PARIS
Il est question de sexe dans le nouvel accrochage du Mnam. Pas du sexe dans l’art, sujet de l’expo « Féminin-Masculin » en 1995, mais du sexe des artistes, puisque Beaubourg écarte la testostérone pour ne se consacrer qu’aux femmes… Au risque de créer la polémique.
Culot notable que celui d’une institution qui, plutôt que de montrer ses muscles, aligne coup sur coup, deux manifestations procédant par négativité et soustraction drastique : après la série de « Vides » exposés en février dernier, Beaubourg défalque les hommes de son musée. Accrochage ter. Pas encore démarré qu’il était déjà discuté. Après « Big Bang » en 2005 et le brillant « Mouvement des images » en 2006, voici donc un troisième accrochage thématique que signe le Mnam à Beaubourg.

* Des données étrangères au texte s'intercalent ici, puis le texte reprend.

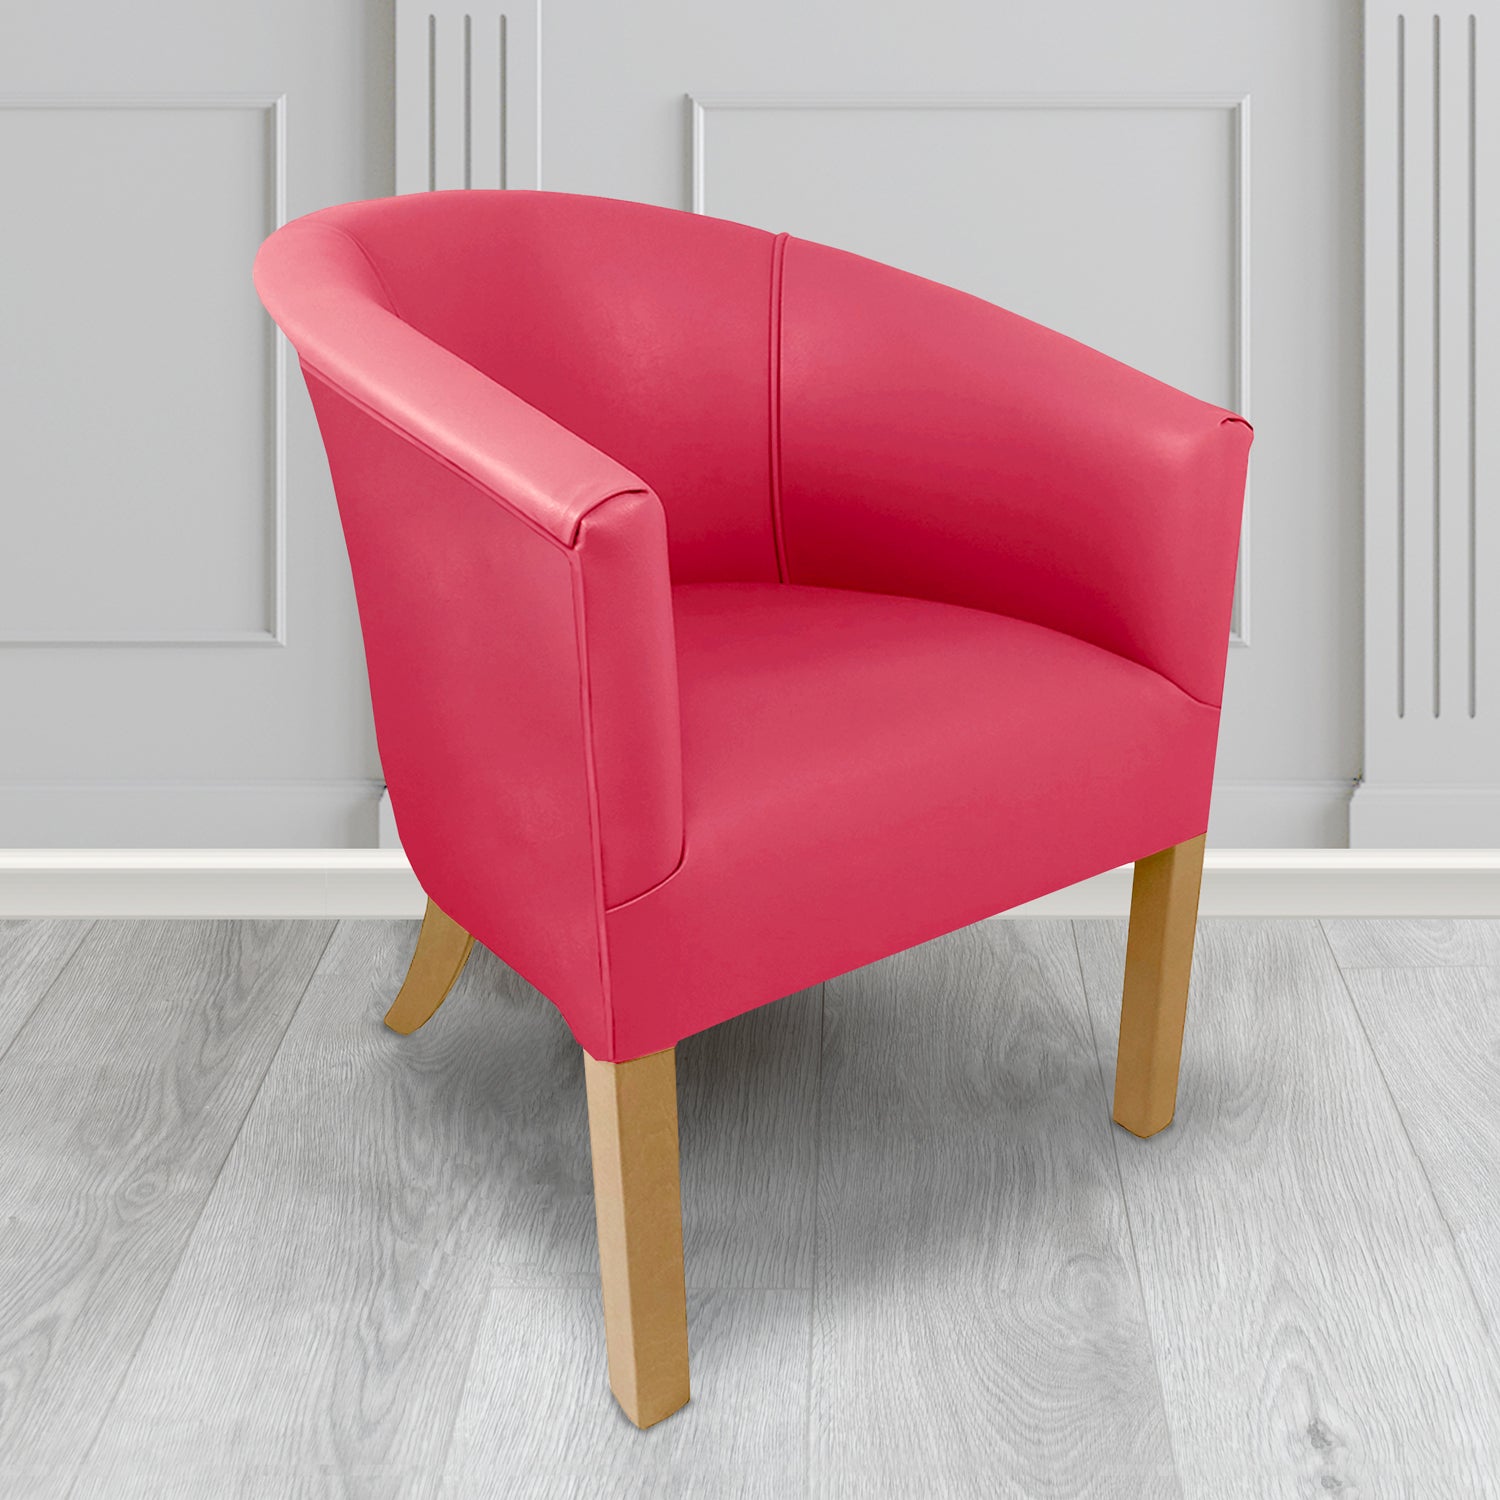 Lewisham Tub Chair in Agua Paint Pot Pink Crib 5 Faux Leather - Antimicrobial, Stain Resistant & Waterproof - The Tub Chair Shop

Camille Morineau, la commissaire, et, avec elle, l’institution parisienne font cette fois le pari d’une histoire de l’art du xxe siècle audible et pertinente par la seule présentation d’artistes femmes. L’entreprise, affichant ses enjeux politiques et militants, pose évidemment question, avant même que les œuvres et leur exposition n’aient eu leur mot à dire. Exit les héros. Tous les héros. Et place aux héroïnes. Quelle valeur scientifique accorder alors à une telle histoire ? Est-ce une histoire parallèle que l’on écrit ? La même ? Une sous-histoire ? Une contre-histoire ? Exit Picasso, Malevitch, Calder, Duchamp, Lavier, Rothko, Kosuth, Beuys, Buren, place à Louise Bourgeois, Tatiana Trouvé, Natacha Nisic, Gina Pane, Suzanne Valadon, Tamara de Lempicka, Yoko Ono, Annette Messager ou Marina Abramovic.
Une histoire culturelle et une histoire des collections
Ce que montre l’accrochage, c’est évidemment la richesse créatrice de ces femmes artistes mais c’est aussi une histoire en creux. À plus d’un titre, puisque ce que l’on expose, ce sont aussi les héros absents en mettant en lumière celles qui furent si longtemps absentes faute de visibilité, de statut et de moyens de production. Autrement dit, ce qui est exposé ce sont aussi des trous – béants dans la première moitié du siècle – des manquements, des accélérations combatives dans les années 1970, des rattrapages – notamment l’achat in extremis de pièces d’Orlan pour compléter un trop maigre ensemble.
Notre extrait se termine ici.